Marwane dishing out lunch

As Andy once said “it’s a place that has never made any concessions to tourists”; rarely do any ever stop there. Cars and trucks park along side donkeys and carts. Men, some in western dress and some wearing jellabas hold hands with old friends sharing news and gossip. It is not a pretty place but after a few days of finding its rhythm it holds a certain charm over you. Families will often promenade especially on a souk day or on Friday and a Sunday, in what we would think of as the late evening. The cafe culture is mostly male orientated however nobody bothers you to order again or move on. The cafes were a great respite for Dave and I to order some strong coffee and go over the days teaching or simply people watch and pass the time. When the muezzins calls go up from the minarets, they synchronise and harmonise their call to the faithful, invoking a peaceful sense of domestic order, communality and togetherness. The call to prayer around seven is also the signal that the Hammam is open for the next three hours. Considering the hot water was out of order at the house, the Hammam felt like an opulent palace bath when in fact it was the community wash house.

The rest of the students found their own way to Al Garage and we met them at the course house.

Altogether the first class of 2010 came from as far afield as Spain, Australia, Switzerland, and Britain, urban and rural Morocco.

Once we had surmounted the challenges of lost time and settled into the house and found our cook Rabha, the course found its own rhythm.
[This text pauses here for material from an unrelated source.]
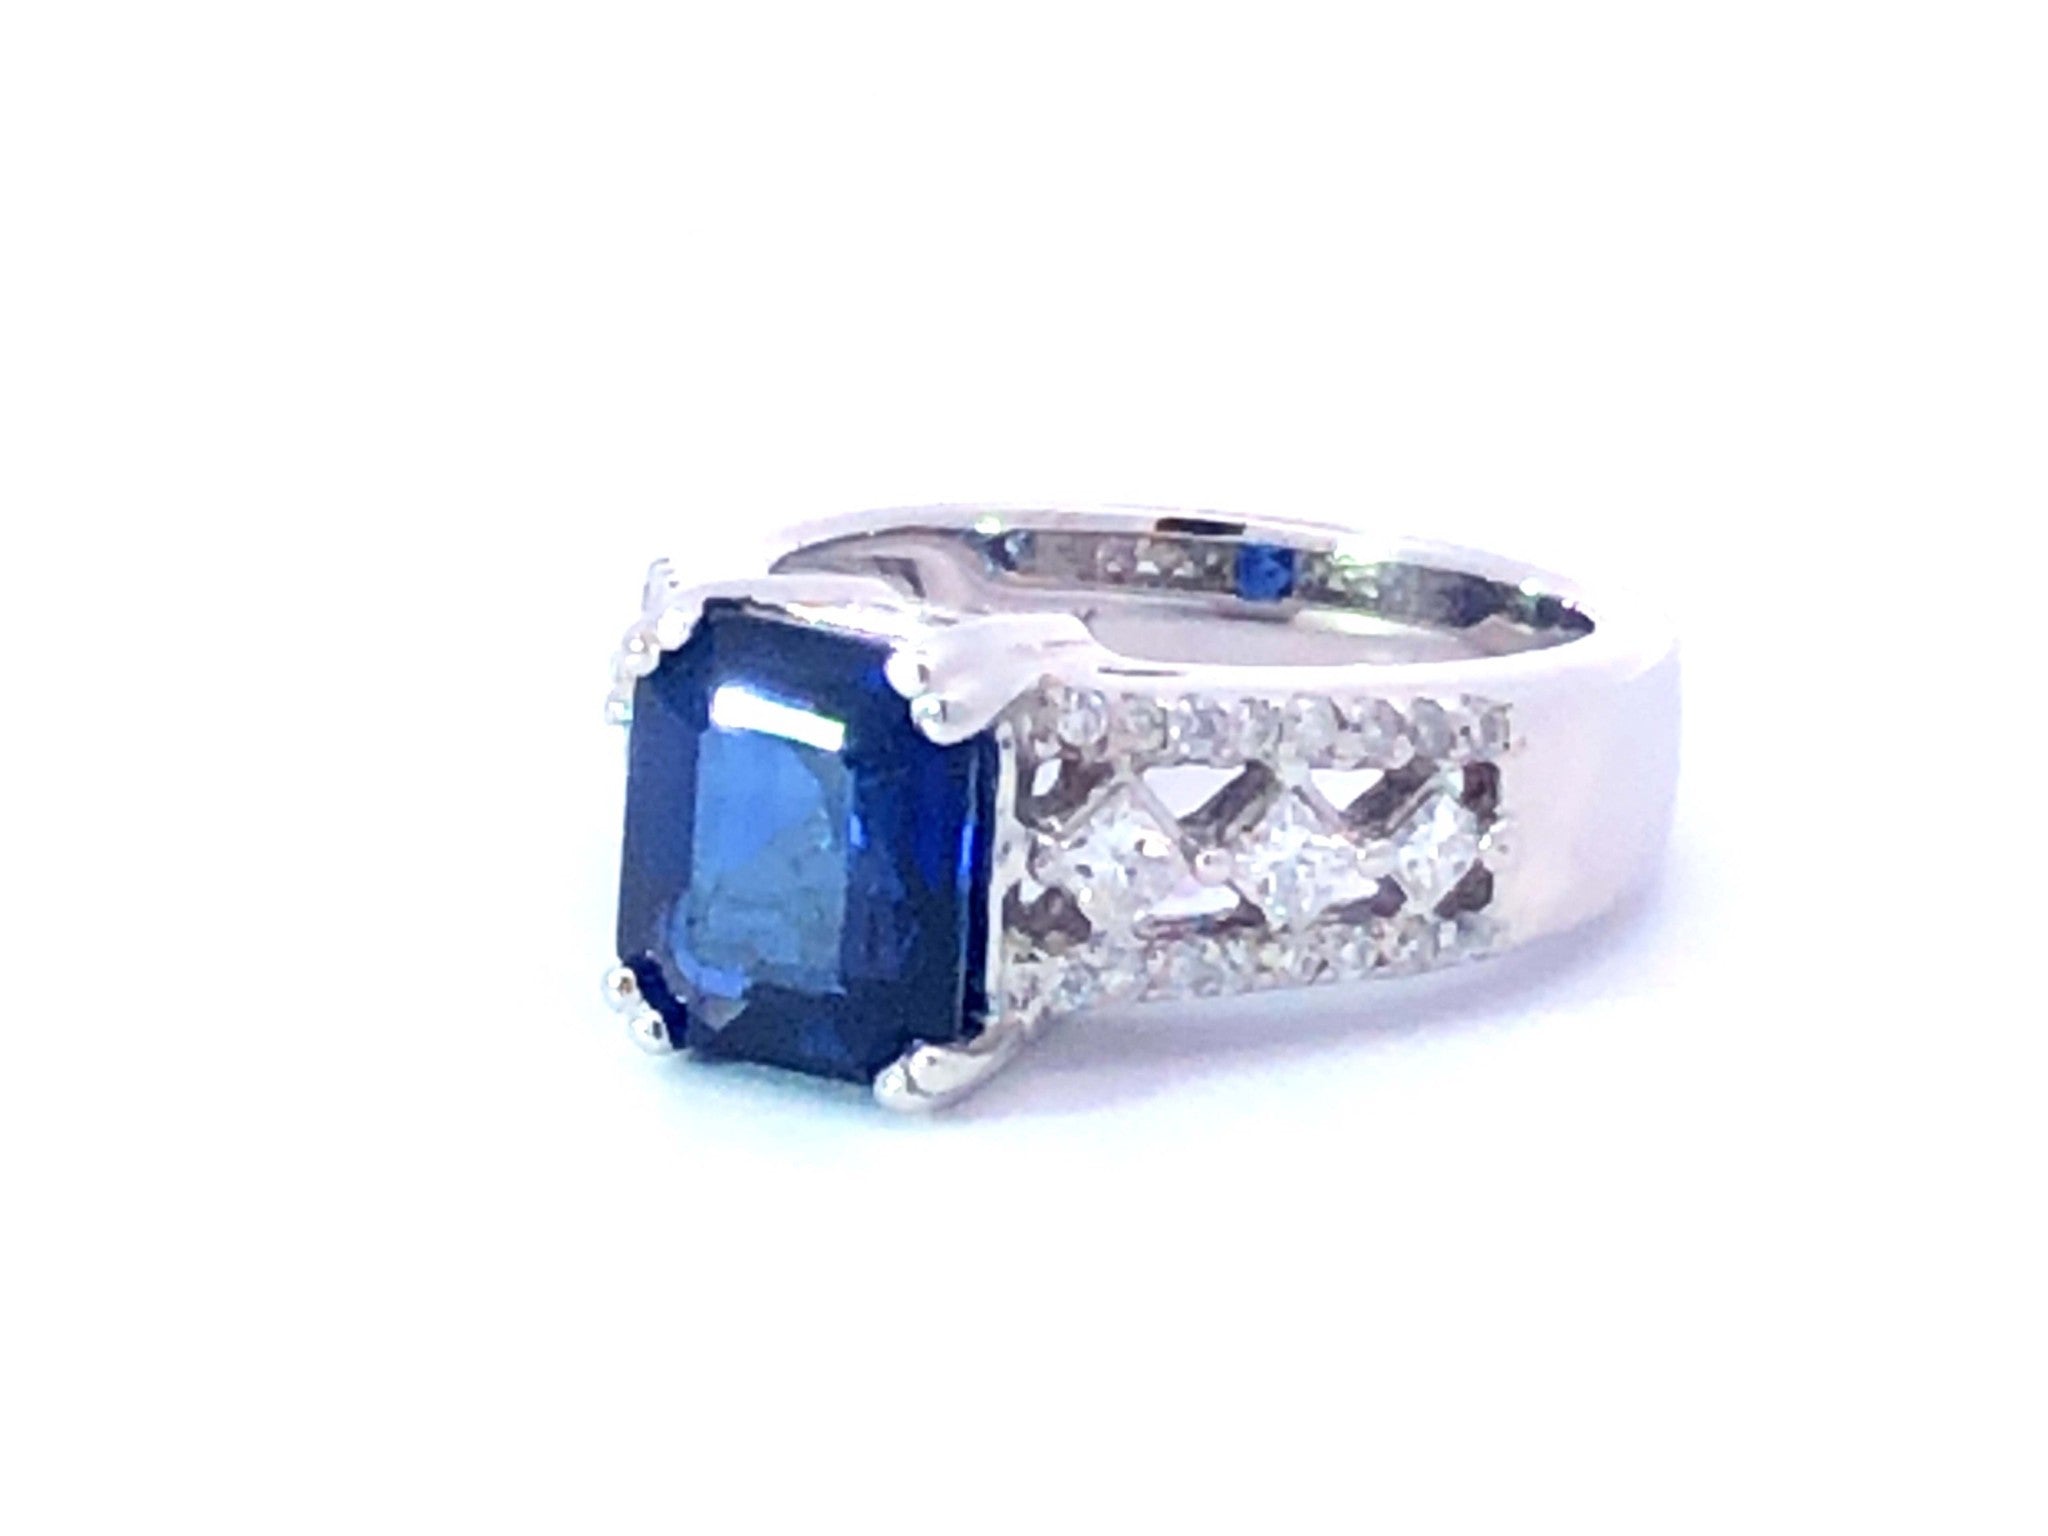 GIA Blue Sapphire Diamond Ring in 14k White Gold

Rabha is a highly renowned cook who caters for weddings, festivals and visiting dignitaries and we were very lucky have her.


Rabha: Making Batboot

Our days began with breakfast. Fresh bread, crepes, jam, cheese, olives and olive oil washed down with fresh mint tea and coffee. On some days Rabha treated us to the wonderfully named batboot. A lighter naan like bread.

The course took place on an Amazigh farm just outside Al Garage in the Ait Attab tribal region of the High Atlas mountains. We held it there because it was as close to where we could accommodate the bulk of the group in Al Garage with the rest camping on the farm. It was also the closest location from which we could practically access our partner community, Igourdane.
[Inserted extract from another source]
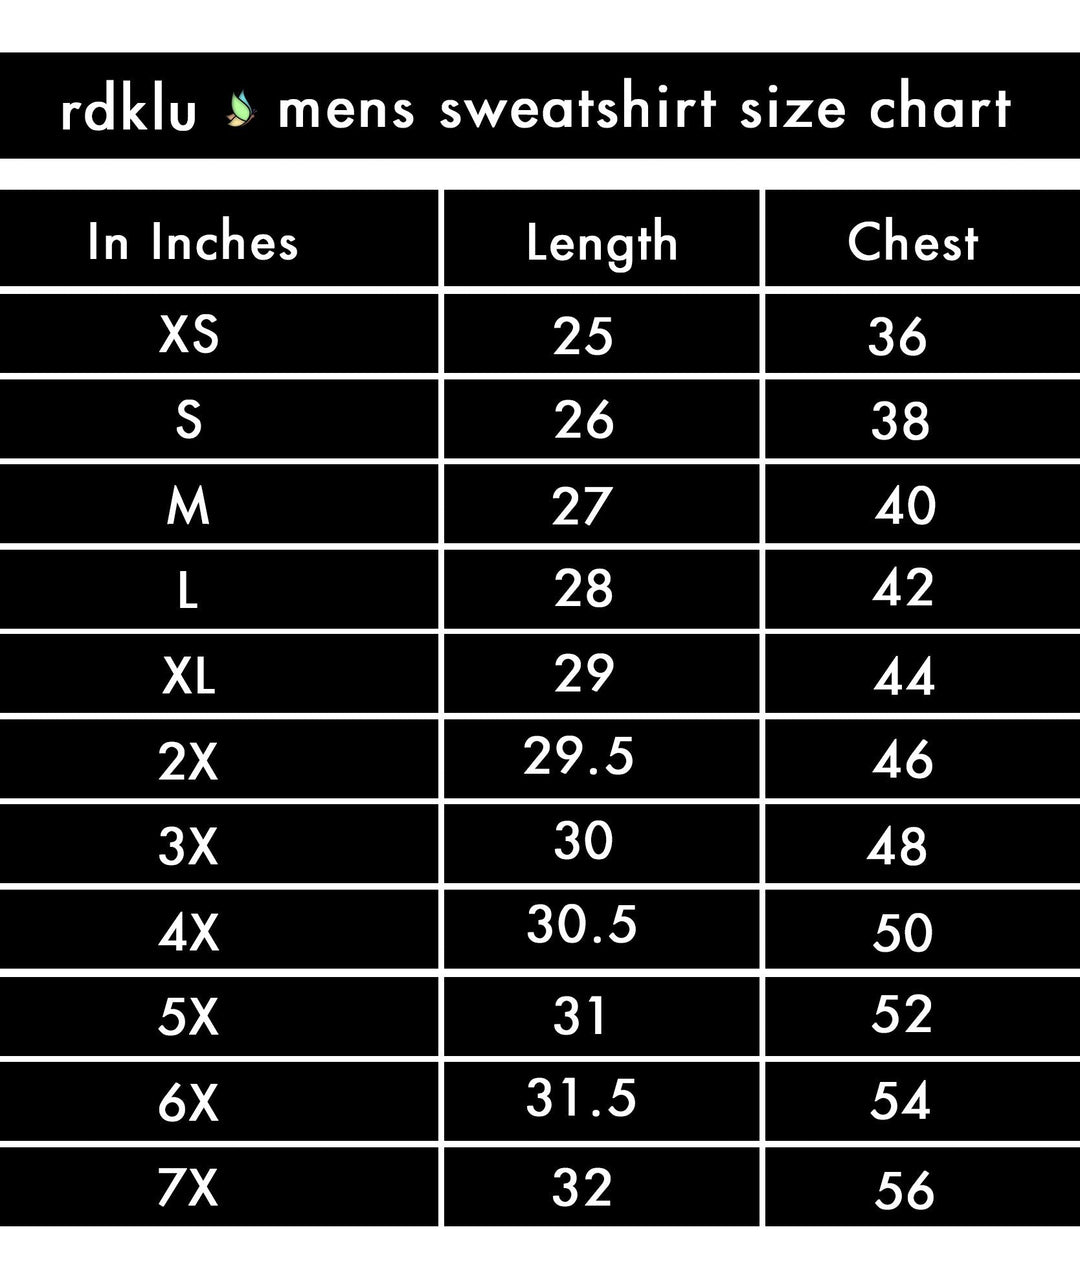 RDKLU MENS SWEATSHIRT - RDKL - Men's Sweatshirt#128

Marwane, Said (Marwane’s brother) and Nasser (his cousin) would take us by car and minibus to a kilometre or so outside of town. We passed groups of women and families harvesting lentils, fields of barley, children and old men on mules and donkeys.
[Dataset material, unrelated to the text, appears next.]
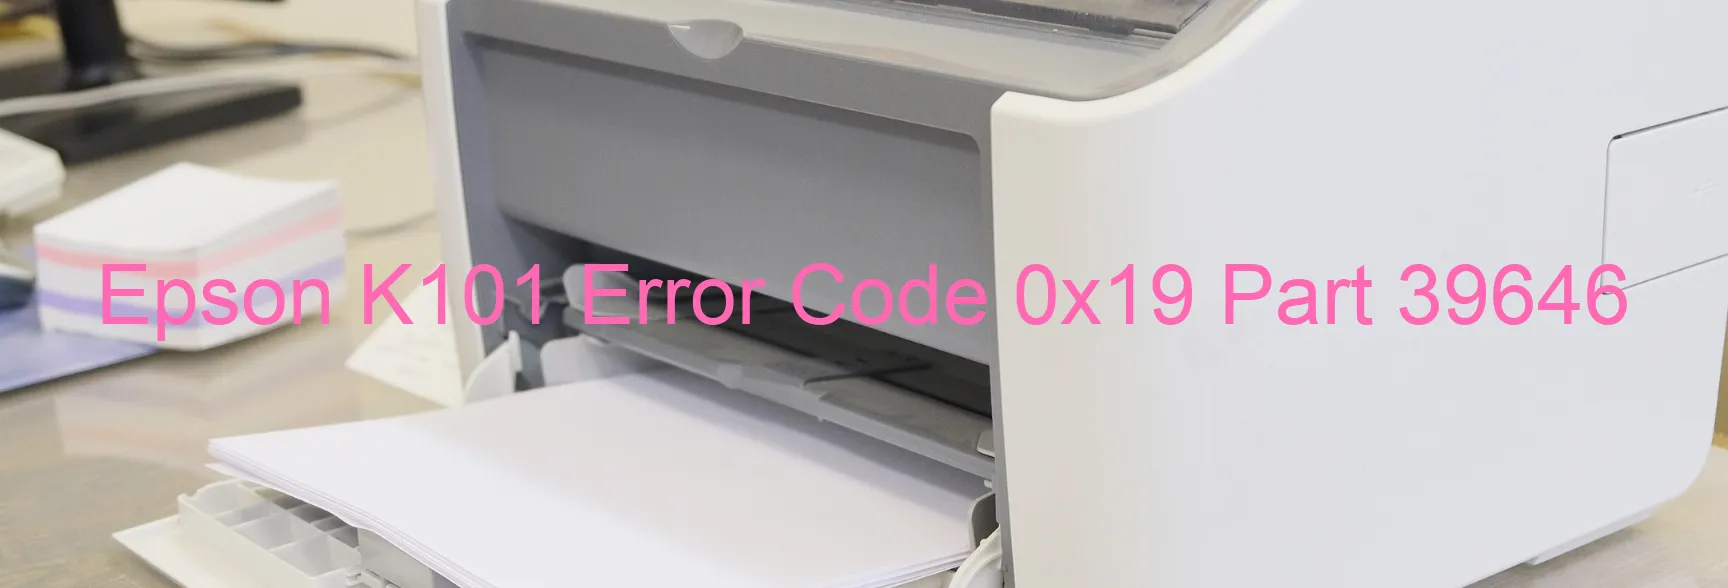 Epson K101 Error 0x19

As the country turned into Olive groves we were dropped off in a clearing by the side of the road. Marwane and co would return with lunch in the early afternoon.


Local people fetching water

Following a path downhill through the olives trees we came to the spring – three short pipes jutting from a slab of rock feeding a stream. This is where people from miles around come to fetch water with mules and donkeys. Great rubber or wicker panniers carrying 20-25 litre drums are filled, secured and taken back home into the mountains. The water appears clean, tasty and healthy. Hundreds of frogs and tadpoles live in and around the water.

After exchanging warm greetings to whomever we met that morning at the spring, we made the short walk through olive trees, under-planted with wheat and barley, to the farms of Hassan and Yousseff. The sea of barley shone like golden hair as it waved dreamily around us.


The classroom

Our classroom was the shade of two ancient Carob trees one male and one female. (Apparently, if the wild grape vines, a type of Muscat, grow up a Carob tree the carob imparts a delicious flavour and fragrance to the grapes. The carob pods mature some weeks after the grapes.)

Aside from the two families living there we were not alone! A few berber/fresian cross cattle and calves, several chickens, a duck, turkeys and lovelorn donkeys kept us company and on occasion let their opinions be known on some subject or another.